3.8 Characterization of Recombinant Measles Virus-Based Vaccines by Western Blot Analysis

1. 1.

   For the preparation of cell lysates 3 × 10⁵ Vero cells/well in 2 mL complete DMEM per well are incubated for around 4 h.

2. 2.

   The cells are infected with an MOI of 0.03 of the respective virus.

3. 3.

   When almost all cells are infected, medium is removed and the cells are washed with 1 mL PBS at 4 °C for 5 min (see Note 21 ).

4. 4.

   The cells are then incubated with 500 μl RIPA buffer for 10 min on ice (see Note 22 ).

5. 5.

   The cell suspension is transferred into precooled 1.5 mL reaction tubes and centrifuged at 17,000 × g for 15 min at 4 °C to remove the cell debris.

6. 6.

   The protein containing supernatant is transferred into a fresh pre-cooled 1.5 mL reaction tube and stored at −80 °C. Frozen cell lysates are thawed on ice for further Western blot applications according to standard conditions using antibodies recognizing an MV protein, e.g., the nucleocapsid protein, to standardize for infection, and another antibody recognizing the foreign antigen to allow assessment of proper antigen expression by the recombinant vaccine .

3.9 Vaccine Characterization by Determining Viral Growth Kinetics in Vitro

1. 1.

   For the generation of growth curves, 1 × 10⁵ Vero are seeded per well of a 12-well plate. After 24 h, the cells are infected with the virus of interest with an MOI of 0.03 in six replicates.

2. 2.

   Released virus in the supernatant and cell -associated virus is sampled 24, 48, 72, 96, 120, and 144 h post infection.

3. 3.

   To harvest the supernatant, 500 μl medium are removed in duplicates and transferred into pre-cooled 1.5 mL reaction tubes and quick-frozen.

4. 4.

   To harvest the cell-associated virus 1 mL Opti-MEM is added to one well of infected cells, which are detached from the well using a cell scraper and transferred into a pre-cooled 1.5 mL reaction tube and quick-frozen.

5. 5.

   The cell suspension is thawed at 37 °C (see Note 13 ) and subsequently centrifuged at 855 × g, 5 min, and 4 °C. The virus containing supernatant was also stored 2× 500 μl aliquots at −80 °C.

6. 6.

   Both the released virus and the cell-associated virus are titrated on Vero cells in 8 two-fold dilutions with two replicates per time point and virus.

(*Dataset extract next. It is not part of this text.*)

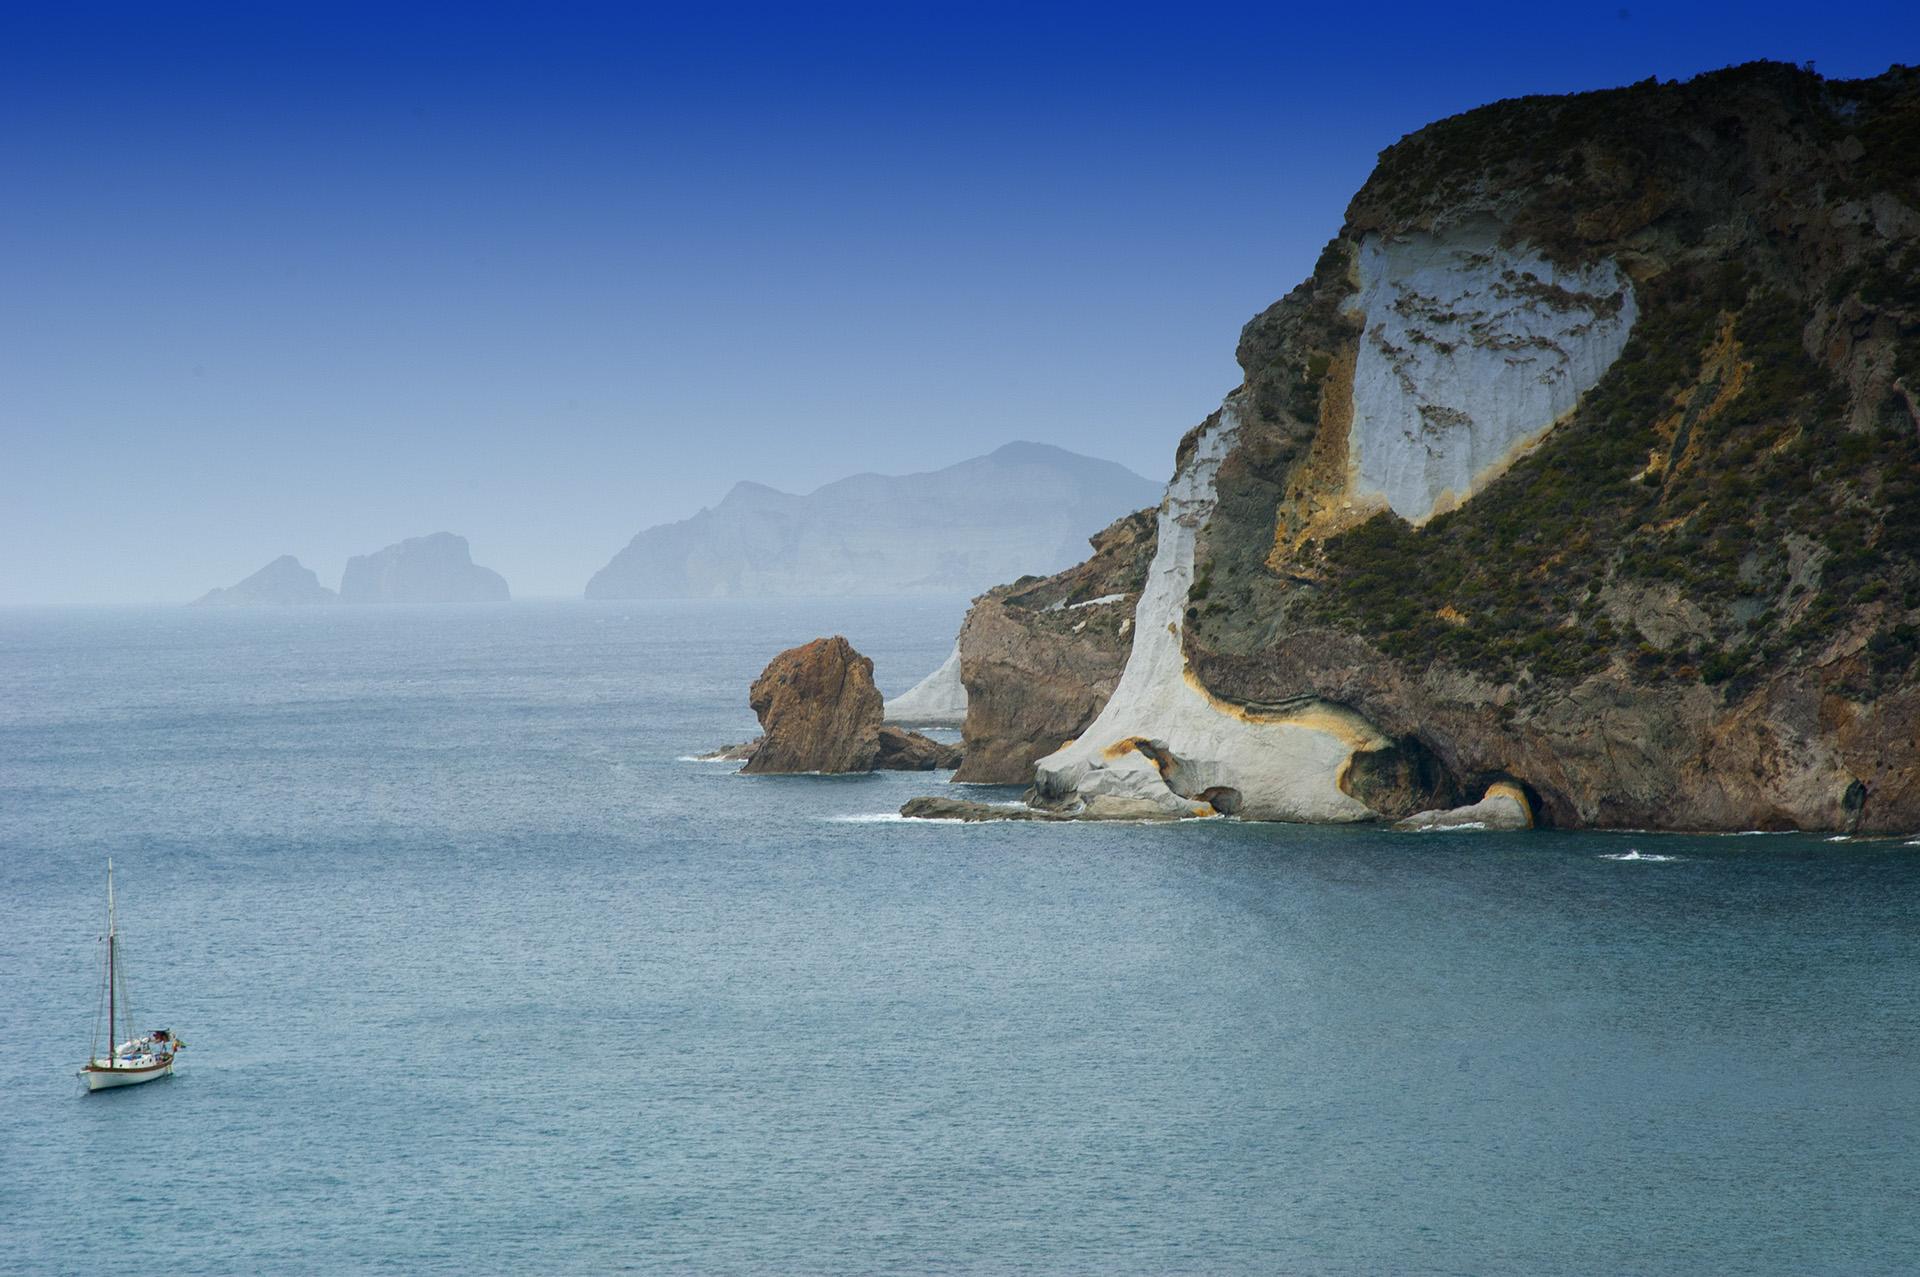 isole ponziane

3.10 In Vivo Characterization of Recombinant Vaccine Viruses

1. 1.

   IFNAR^−/−-CD46Ge mice (see Note 23 ) aged 6–12 weeks receive 1 × 10⁵ TCID₅₀ MV diluted in Opti-MEM in a final volume of 200 μl.

2. 2.

   Mice are injected i.p. into the left, caudal abdomen using a 30 G needle.

3. 3.

   After 4 weeks, mice receive a booster immunization of 1 × 10⁵ TCID₅₀ MV diluted in Opti-MEM to a final volume of 200 μl, which are injected as before (see Note 24 ).

4. 4.

   Four to 7 days after booster immunization , splenozytes are harvested from immunized mice to assess abundance of antigen- or vector-specific T cells by ELISpot or intracellular cytokine staining after stimulation with respective antigens or peptides, either following standard protocols or using commercially available kits according to the manufacturer’s instructions.

5. 5.

   Before immunization (“pre-bleed”), directly before the booster vaccination (“post-prime”) or 21 days after booster vaccination (“post-boost”), 200 μl blood are taken from each mouse, and sera are separated to assess abundance of vector- or target-specific antibodies by titrating neutralizing titers or total antibody titers by ELISA.

6. 6.

   If the IFNAR^−/−-CD46Ge mouse strain is susceptible to the pathogen to which the vaccine is directed against, vaccinated mice can be challenged subsequent to immunization. The challenge relies on an established infection protocol of (unvaccinated) animals, which results in symptomatic infections or even death, thereby allowing to test the protective capacity of the vaccine. Parameters such as course of disease or pathogen load in specific organs are assed (see Note 25 ).